Вот, блин, обнадежил! Вятич понял мое смущение и усмехнулся:
– Я тебе потому и твержу, чтобы не бросалась под танк без связки гранат. Ты должна быть у меня на виду все время.
Не взбрыкнуть я не могла:
– А сколько раз ты меня оставлял, когда куда-то уходил сам?!
– Я знал, что вернусь.
Я вздохнула и решила, что пора задать давно мучивший меня вопрос:
– Давно хочу тебя спросить… Мы не можем послать кого-нибудь в Козельск? Может, разузнают?
– Мы можем съездить туда и сами, оставив дружину пока в какой-нибудь крепости. Только ни Анеи, ни Луши там нет.
– А где они? Они живы?
– Живы, только где, пока не знаю. Чуть позже – зимой.
– А если Батый снова придет зимой?
– Нет, он уже ученый, не рискнет двинуться в снега и морозы снова. А до весны мы должны придумать, как его задержать до самой осени. Думай, шевели мозгами…
Мы пока мотались в приграничье, не решаясь уйти на север совсем. В один из таких дней Вятич вдруг напрягся:
– Впереди чужие…
Почему Вятич учуял их первым, я не поняла, действительно учуял.
– Что-то чувствуешь?
– Да, там сила… как бы сказать… там волхв, но не наш.

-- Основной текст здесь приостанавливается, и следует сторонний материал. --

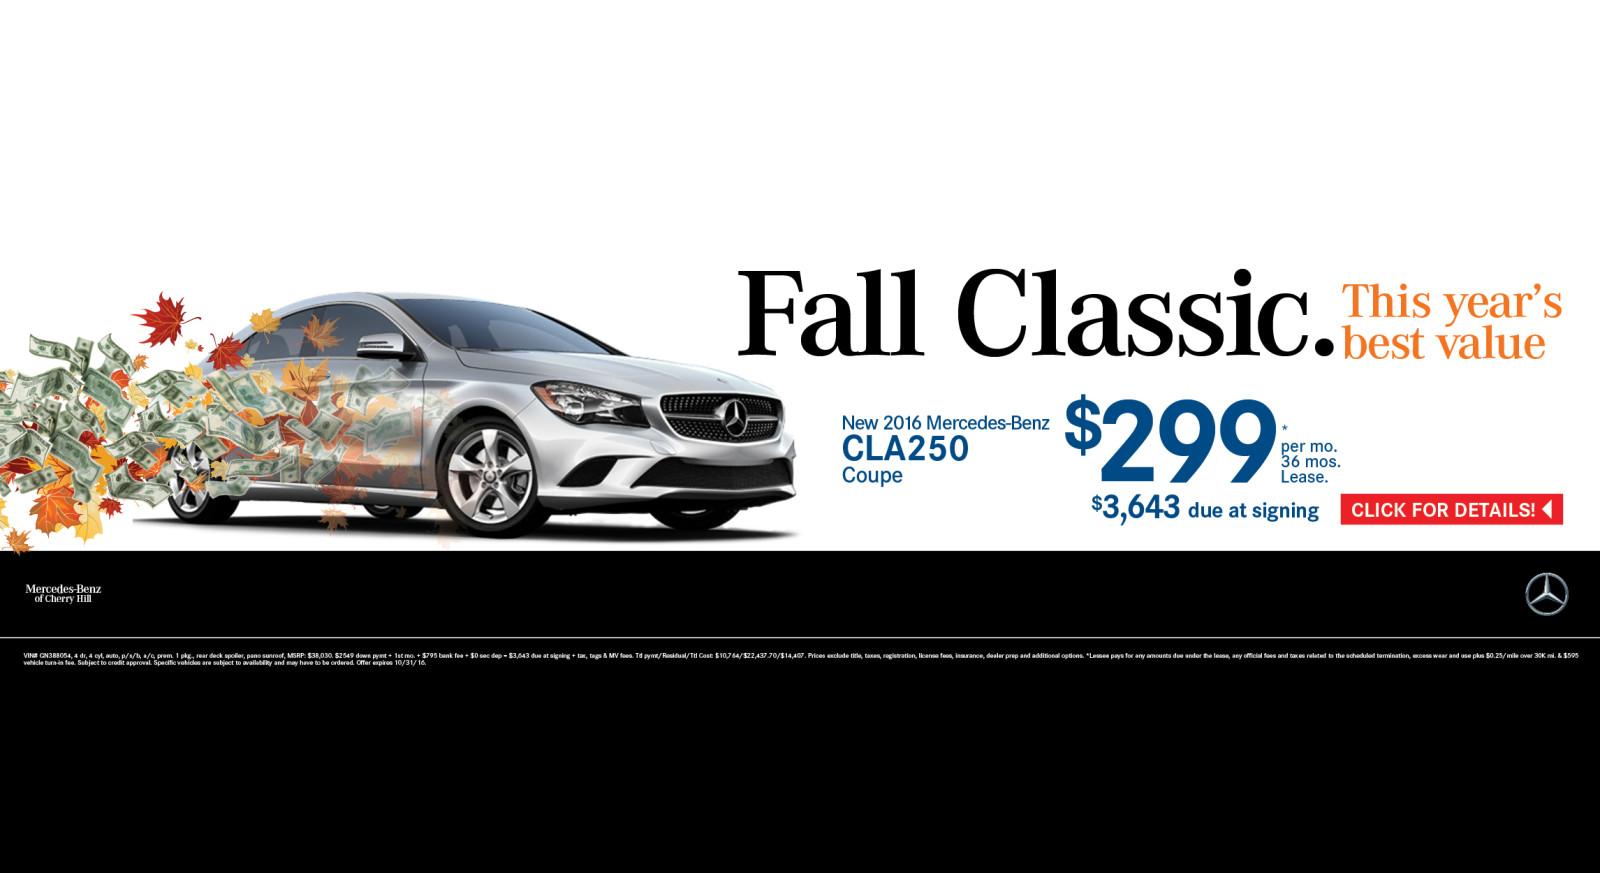 MBCH-1636 Fall Classic 2500x1250 Slide_CLA250

– Волхв волхва видит издалека?
– Зря смеешься.
– Я не смеюсь. Он один?
– Нет, за ним немалая военная сила, но это не русская дружина.
– Чем отличается русская от нерусской?
– Тем же, чем и волхвы.
– Можно подумать, я знаю, чем отличаются волхвы, – я проворчала это просто так, прекрасно понимая, что ни времени, ни желания что-то мне объяснять у Вятича не было.
Действительно, он встал, почти вытянувшись в струнку, обернулся в сторону края леса и осторожно протянул вперед руку, раскрытой ладонью словно прощупывая пространство впереди. Все напряженно ждали.
Не знаю, что уж он там учуял, но опустил руку спокойно:
– Можно выслать разведку, это не враги.
Там действительно были не враги, но и не русская дружина. Мощные кони несли просто богатырей. Крепкие бородатые мужчины в полном вооружении, словно тридцать три богатыря из пушкинской сказки, севшие на коней. Они остановились на расстоянии полета стрелы и тоже отправили вперед двоих.
Наши «послы» встретились посередине. Немного поговорив, все четверо замахали руками своим, показывая, что можно подъезжать. И все равно сближались осторожно.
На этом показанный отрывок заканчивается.